In the week before the COP26 international summit, John Bellamy Foster analyzed the climate emergency and how we can achieve climate justice.

Foster divided his talk into three parts:

1. The planetary emergency
2. Marxian ecology and what is has to bring to bear on the subject
3. The ecology of the future

To paraphrase John Bellamy Foster’s lecture:

Officially we’re still in the Holocene epoch, which goes back 11,700 years. We have lived in a fairly benign climate and environment — but science has concluded, although it’s not official, that that epoch is over. The usual markers are the first nuclear detonation in 1945 followed by the dropping of the first atomic bomb on Nagasaki that same year, the radionucleids that were left behind after the testing of Hydrogen bombs in the 1950s, and another marker is the proliferation of plastics.

There is an anthropogenic rift in the biogenic cycles of the planet. Science has defined nine planetary boundaries regarding what constitutes a safe planetary home for all of us on the planet (in other words, the holocene), and we are crossing almost all of them:

1. Climate change

2. Ocean acidification

3. Depletion of ozone layer

4. Biodiversity loss (including species extinction)
5. Disruption of the Nitrogen and phosphorus cycles.
7. Loss of fresh water (desertification)
8. Aerosol loading
9. Chemical and radioactive pollution

Individually, each of these are planetary emergencies which all have one common denominator: The capitalist economic system. Even if we deal with one of these emergencies, we have to deal with the rest.

It is important to understand that climate change is only part of the problem.
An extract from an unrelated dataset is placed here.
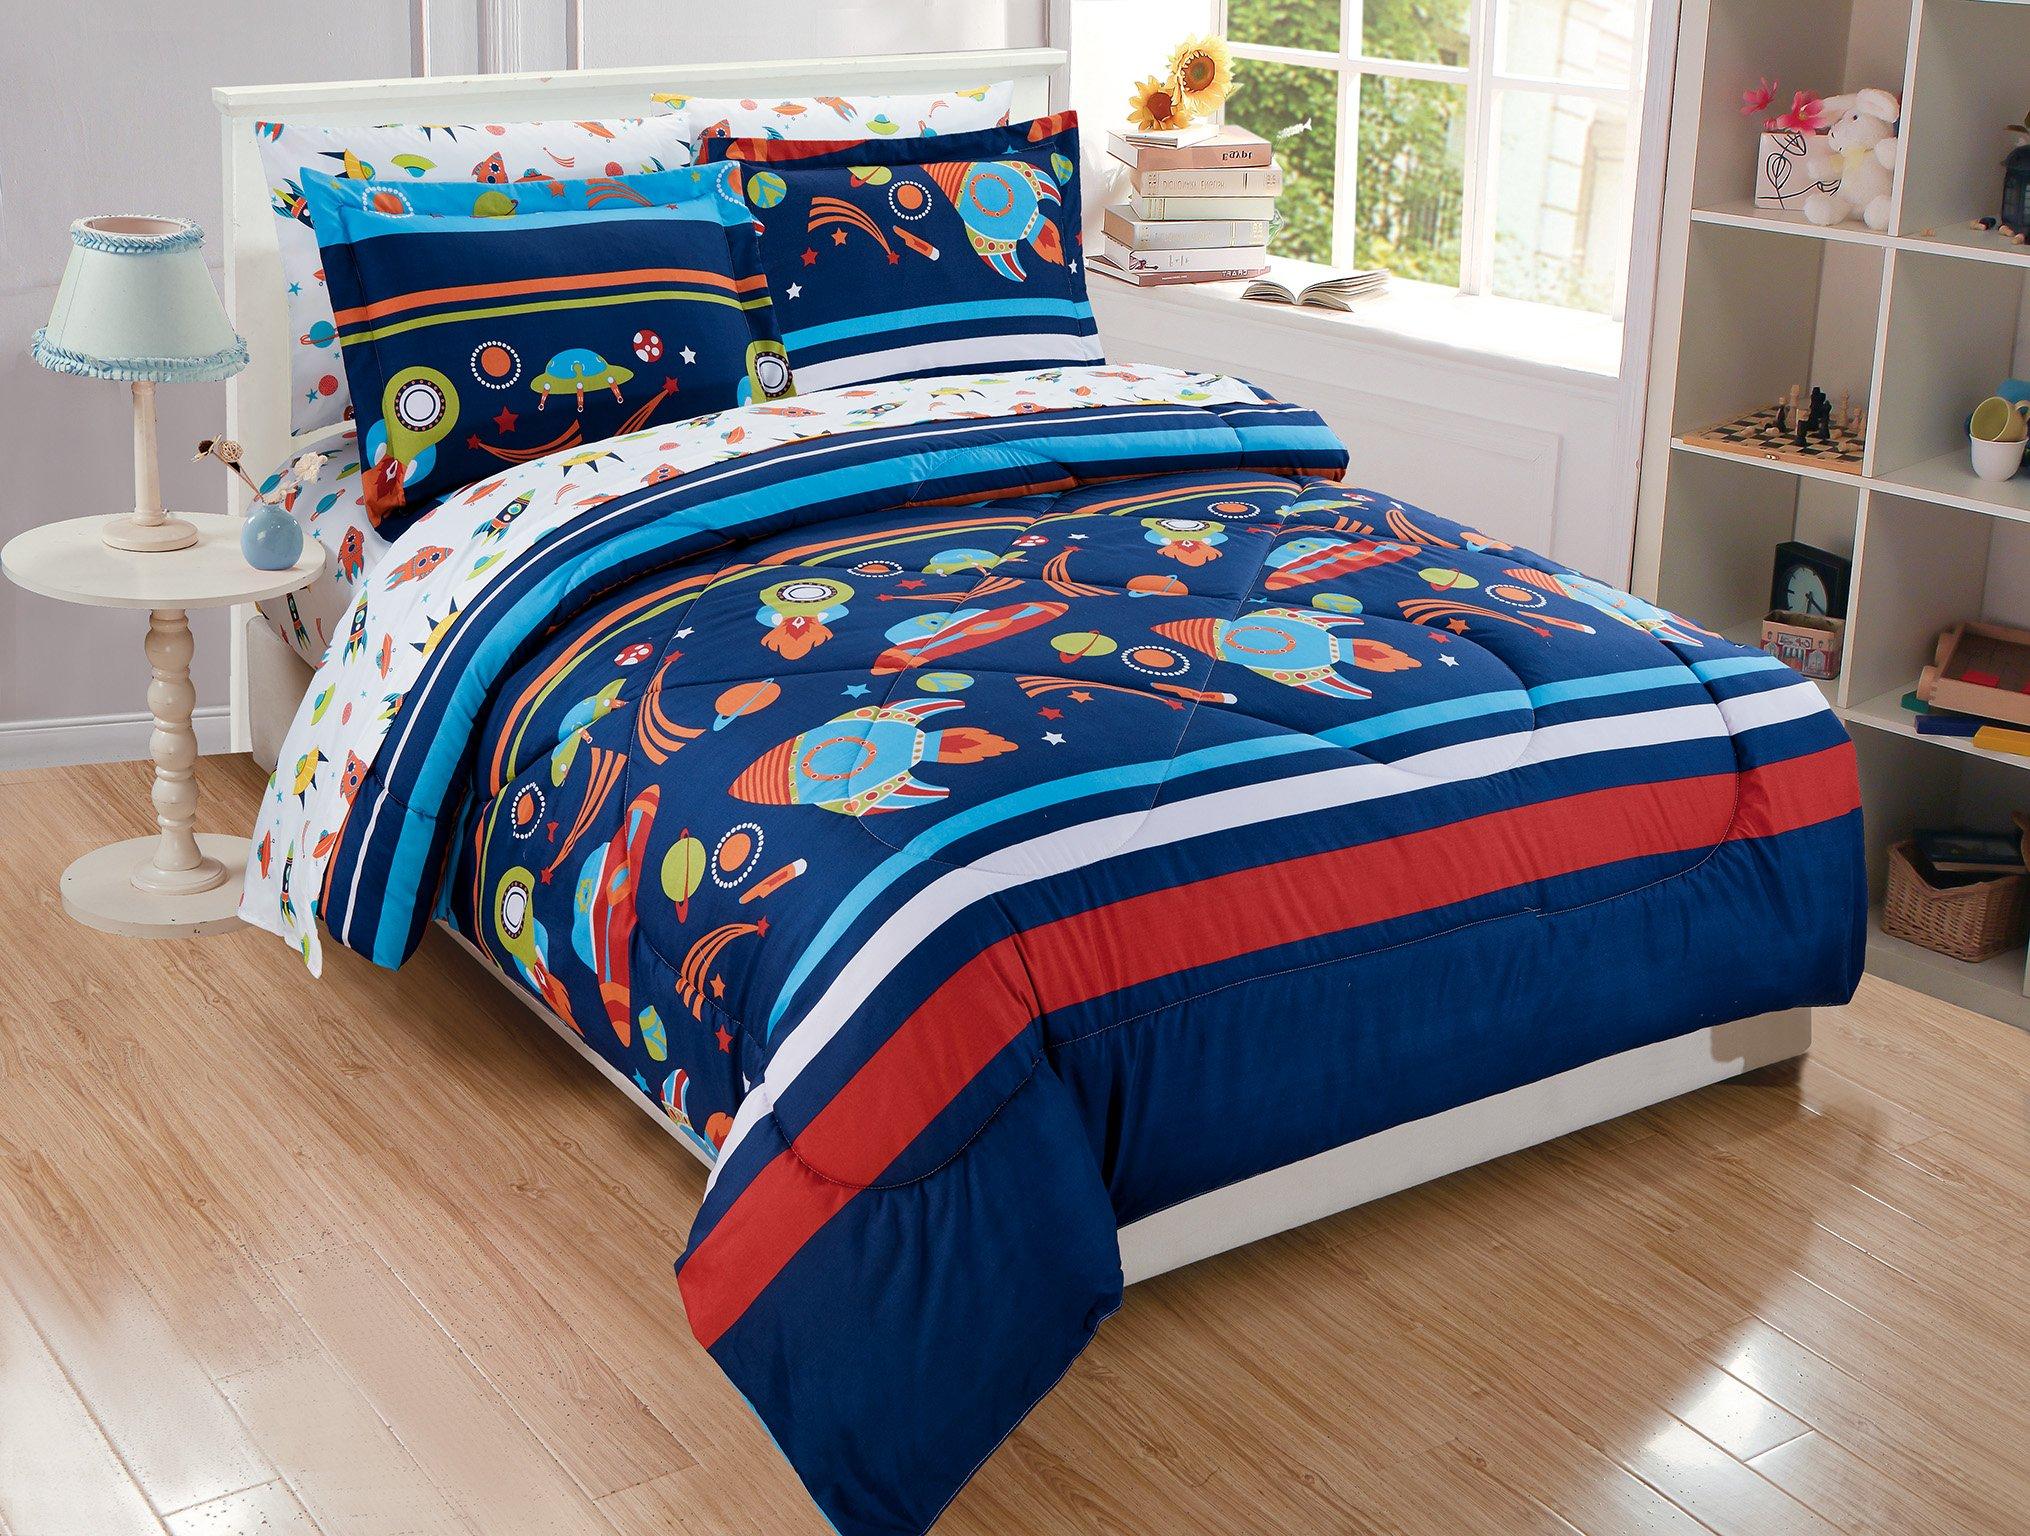 Micasa Kids Comforter Set Solar System Design (Full)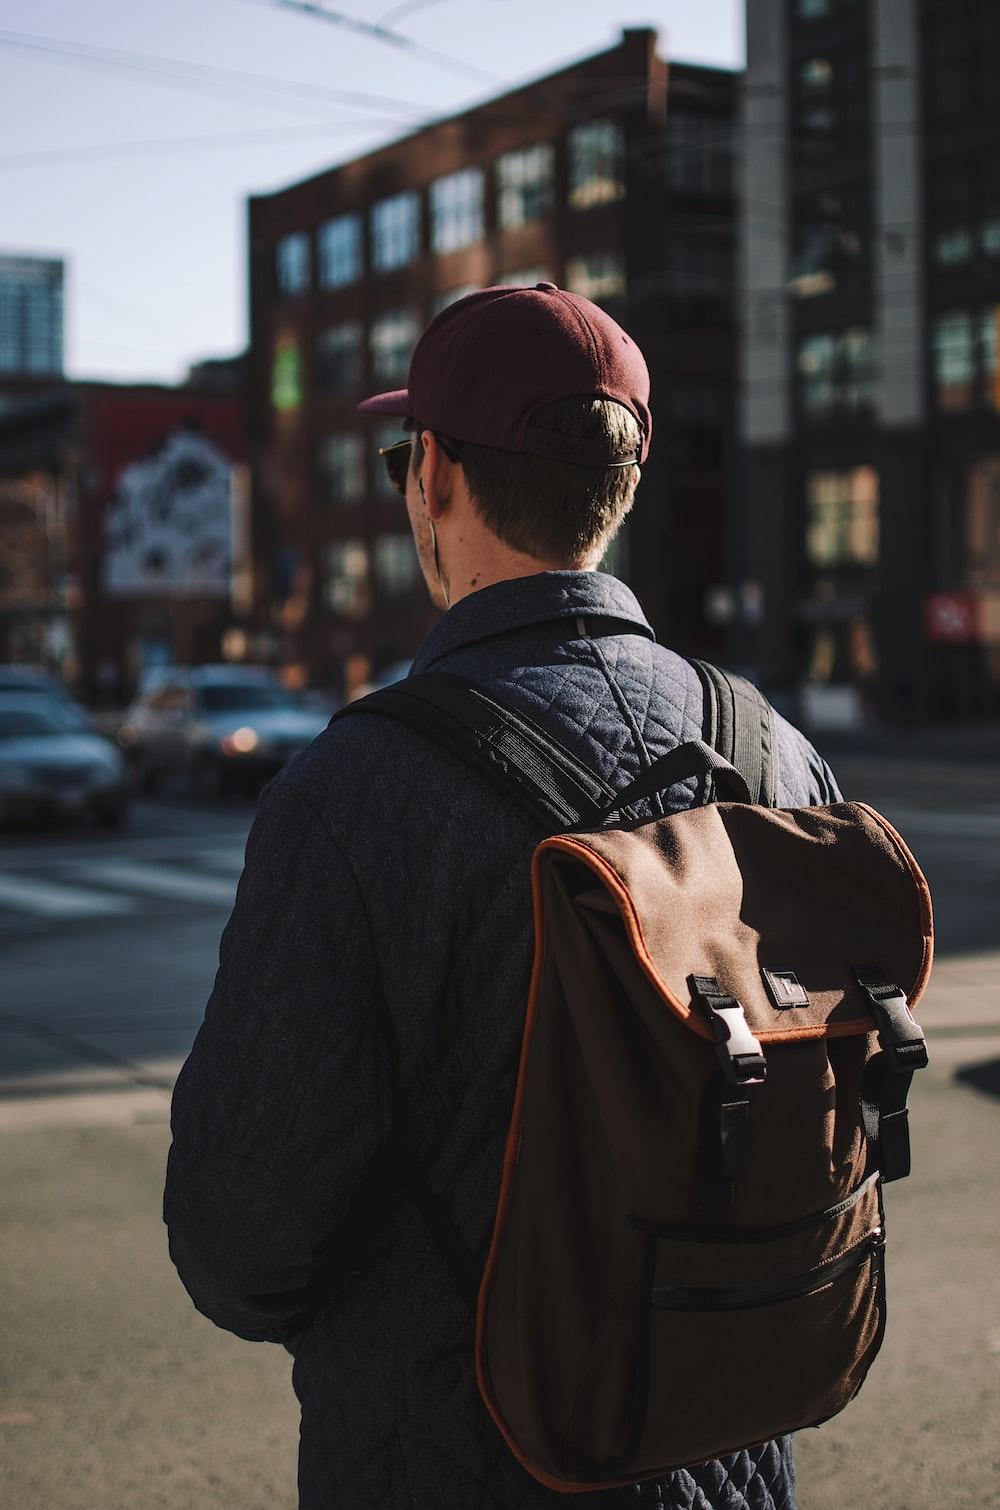 man wearing black jacket and cap standing near road looking forward

But the 6th assessment report of the United Nations published in early August — including Part 3 (mitigation) and Part 2 (impacts), both leaked early — makes clear how much we’re trouble we’re in on that front alone. (FYI: The reason the IPC leaks are occurring is that we’re in such a serious situation that scientists from within COP26, acting through Science Rebellion (attached to Extinction Rebellion), acted to get out the science-approved data in time for potential political action, but before various governments could censor it.)

Of the 5 socio-economic scenarios that the IPCC dealt with, the first, SSP1.9 is the best we can hope for, according to the science: that is, the only scenario in which we find ourselves below 1.5 degrees increase in global average temperatures. To conform to this optimistic scenario, carbon dioxide emissions have to peak in 4 years – we have to hold off reaching 1.5 degree C increase until 2040. We no longer can stay under 1.5 for a whole century. We have to have net zero carbon emissions in 2050. Note that we used to think that 2 degrees was the point of no return. 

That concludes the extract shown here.